Capturing and pre-processing a large volume of input images requires the use of a powerful edge-computing device. Currently, the options are mainly in the form of graphics processing units (GPUs), application-specific integrated circuits (ASICs), or field-programmable gate arrays (FPGAs). Due to the high power consumption and size of GPUs, and the low flexibility of ASICs, FPGAs are often the most interesting option [5,6]. Moreover, if the traditional development approach of FPGAs using low-level hardware languages (such as Verilog and VHDL) is usually time-consuming and very inefficient, the use of high-level language synthesis (HLS) tools allows developers to program hardware solutions using C/C++ and OpenCL. This significantly improves the efficiency in FPGA developments [7,8]. Finally, FPGAs are nowadays integrated in multi-processor system-on-chips (MPSoC), in which computer and embedded logic elements are combined. These MPSoCs thus offer the acceleration capabilities of the FPGA and the computational capabilities that allow it to work as an independent stand-alone system, which does not have to be connected to an external computer/controller.

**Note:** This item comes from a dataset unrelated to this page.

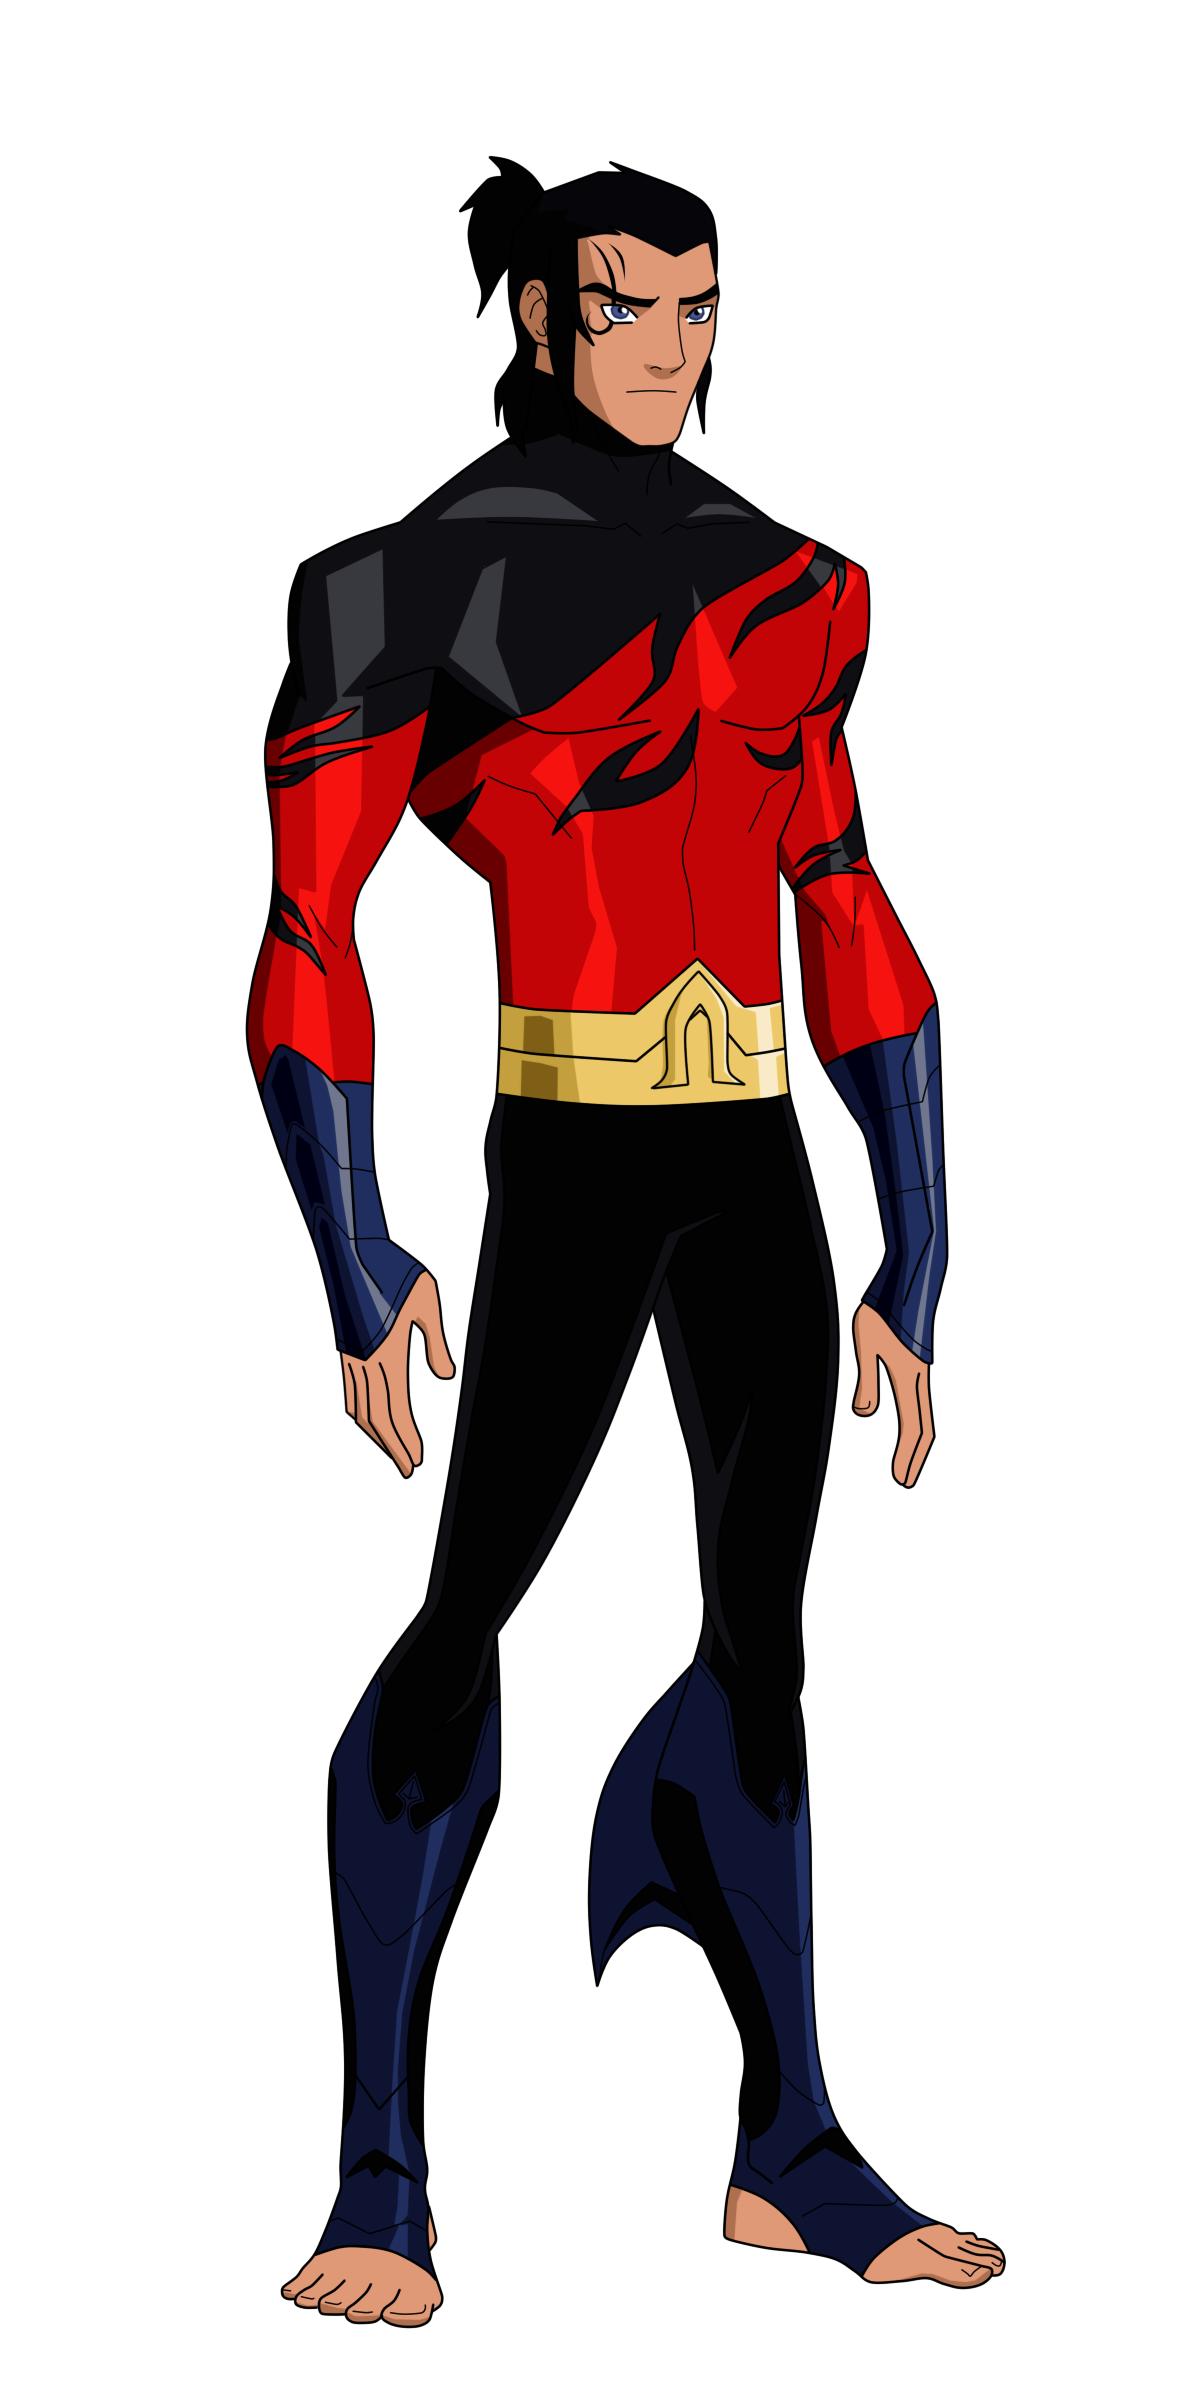 Tempest Titans Design by BobbenKatzen
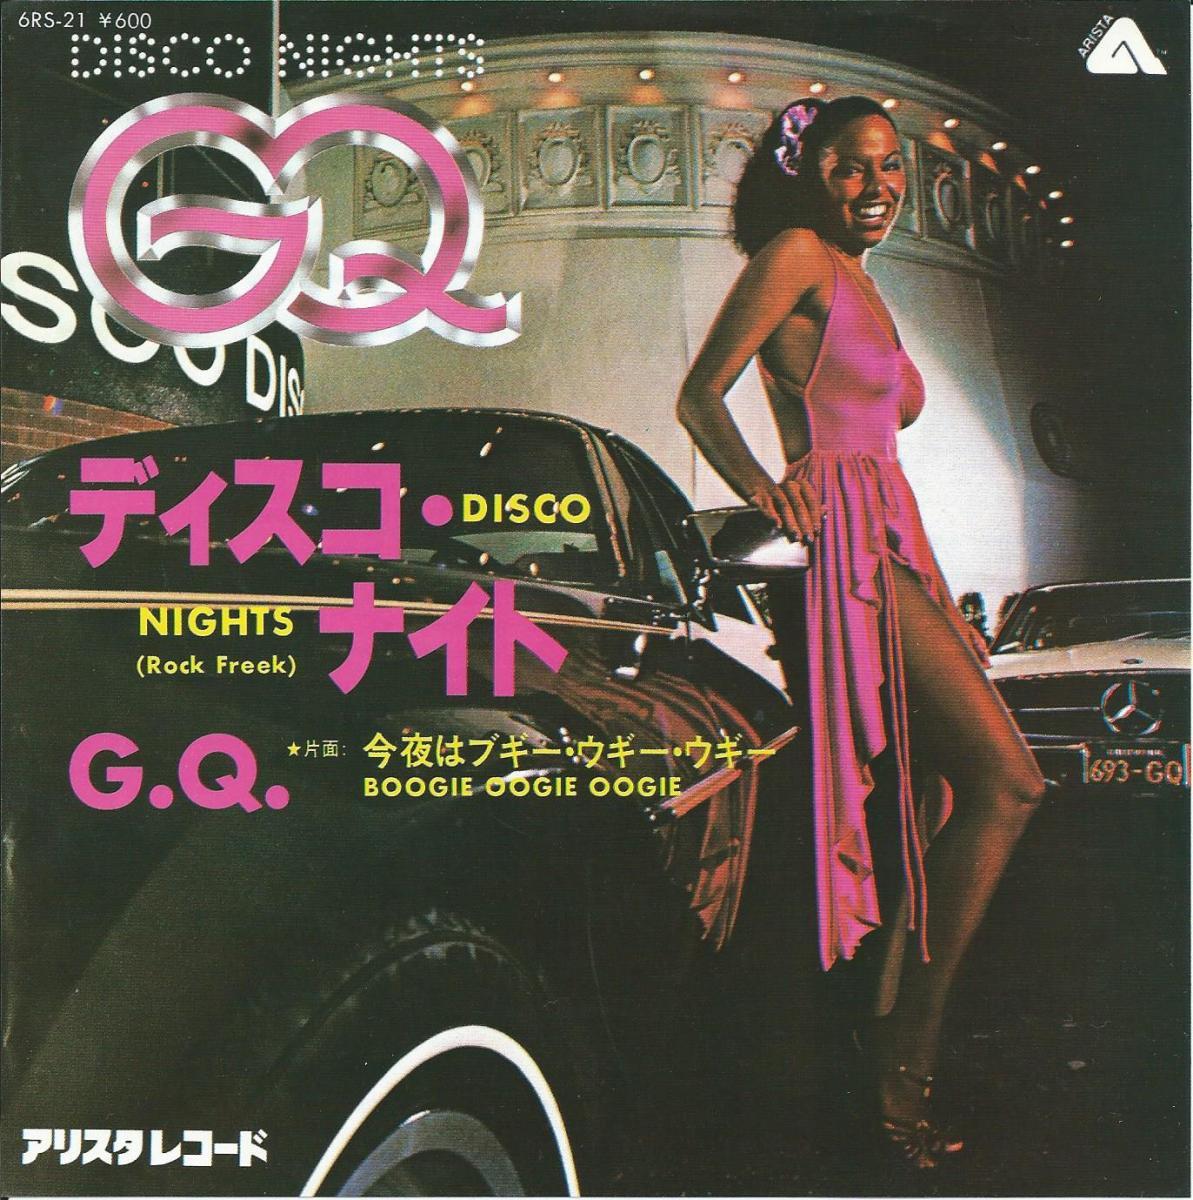 G.Q. / ディスコ・ナイト DISCO NIGHTS (ROCK FREEK) / 今夜はブギー・ウギー・ウギー (7

2. Embedded Eye Image Defocus Estimation for Iris Biometrics
Defocus blur is the result of an out-of-focus optical imaging system [4]. When an object is not in the focal plane of the camera, the rays associated with it do not converge on the same spot on the sensor but to a region called the circle of confusion (CoC). The CoC can be characterised using a point spread function (PSF), such as Gaussian, defined by a radius/scale parameter [10]. This radius increases as this object gets farther away from the focal plane. In practice, it is assumed that there is a range of distances from the camera, associated with the focal plane, at which an object is considered to be in focus. This is the so-called depth of field of the camera.
The detection of blurred image regions is a relevant task in computer vision. Significantly, defocus blur is considered by several authors to be one of the main sources of degradation in the quality of iris images [2,11,12,13,14]. Many single-image defocus blur estimation approaches have been proposed [4,10]. They can be roughly classified into two categories: edge-based and region-based approaches [10]. The edge-based approach models the blurry edges to estimate a sparse defocus map. Then, the blur information at the edge points can be propagated to the rest of the image to provide a dense blur map [15]. Edge blur estimation models typically consider that the radius of the CoC is roughly constant, and define the edge model using this parameter [16,17]. However, other more complex models of defocused edges can be used [18]. Although edge detection and blur estimation can be performed simultaneously [10], the problem with these approaches is that obtaining the dense defocus map can be a time-consuming step. To alleviate this problem, Chen et al. [16] proposed to divide the image into superpixels, and consider the level of defocus blur in them to be uniform. The method needs a first step in which this division into superpixels is generated. One additional problem with edge-based defocus map estimation is that they usually suffer from textures of the input image [19].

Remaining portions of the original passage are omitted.